Exercise instructions:
From the line containing "Brad Pitt retirement: Brad" to the end of the records below, output each line exactly; include both ends and nothing else.

Records from a data collection:
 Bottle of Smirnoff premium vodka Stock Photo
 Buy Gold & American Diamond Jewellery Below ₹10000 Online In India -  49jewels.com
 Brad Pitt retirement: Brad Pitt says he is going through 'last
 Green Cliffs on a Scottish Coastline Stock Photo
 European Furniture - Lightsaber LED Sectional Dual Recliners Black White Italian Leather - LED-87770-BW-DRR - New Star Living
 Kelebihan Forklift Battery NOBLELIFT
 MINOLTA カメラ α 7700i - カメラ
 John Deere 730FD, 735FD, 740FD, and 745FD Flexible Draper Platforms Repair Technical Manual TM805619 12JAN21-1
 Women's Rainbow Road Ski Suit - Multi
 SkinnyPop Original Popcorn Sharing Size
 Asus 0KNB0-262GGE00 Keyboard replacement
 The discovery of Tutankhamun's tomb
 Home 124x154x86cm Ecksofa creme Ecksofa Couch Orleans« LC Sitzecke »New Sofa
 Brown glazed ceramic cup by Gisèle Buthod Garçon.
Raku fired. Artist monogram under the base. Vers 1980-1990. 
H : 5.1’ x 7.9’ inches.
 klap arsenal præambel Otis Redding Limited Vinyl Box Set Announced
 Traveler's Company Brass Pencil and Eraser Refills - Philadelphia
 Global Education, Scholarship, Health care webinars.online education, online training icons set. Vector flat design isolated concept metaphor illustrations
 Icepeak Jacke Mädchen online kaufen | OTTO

Finished task:
 Brad Pitt retirement: Brad Pitt says he is going through 'last
 Green Cliffs on a Scottish Coastline Stock Photo
 European Furniture - Lightsaber LED Sectional Dual Recliners Black White Italian Leather - LED-87770-BW-DRR - New Star Living
 Kelebihan Forklift Battery NOBLELIFT
 MINOLTA カメラ α 7700i - カメラ
 John Deere 730FD, 735FD, 740FD, and 745FD Flexible Draper Platforms Repair Technical Manual TM805619 12JAN21-1
 Women's Rainbow Road Ski Suit - Multi
 SkinnyPop Original Popcorn Sharing Size
 Asus 0KNB0-262GGE00 Keyboard replacement
 The discovery of Tutankhamun's tomb
 Home 124x154x86cm Ecksofa creme Ecksofa Couch Orleans« LC Sitzecke »New Sofa
 Brown glazed ceramic cup by Gisèle Buthod Garçon.
Raku fired. Artist monogram under the base. Vers 1980-1990. 
H : 5.1’ x 7.9’ inches.
 klap arsenal præambel Otis Redding Limited Vinyl Box Set Announced
 Traveler's Company Brass Pencil and Eraser Refills - Philadelphia
 Global Education, Scholarship, Health care webinars.online education, online training icons set. Vector flat design isolated concept metaphor illustrations
 Icepeak Jacke Mädchen online kaufen | OTTO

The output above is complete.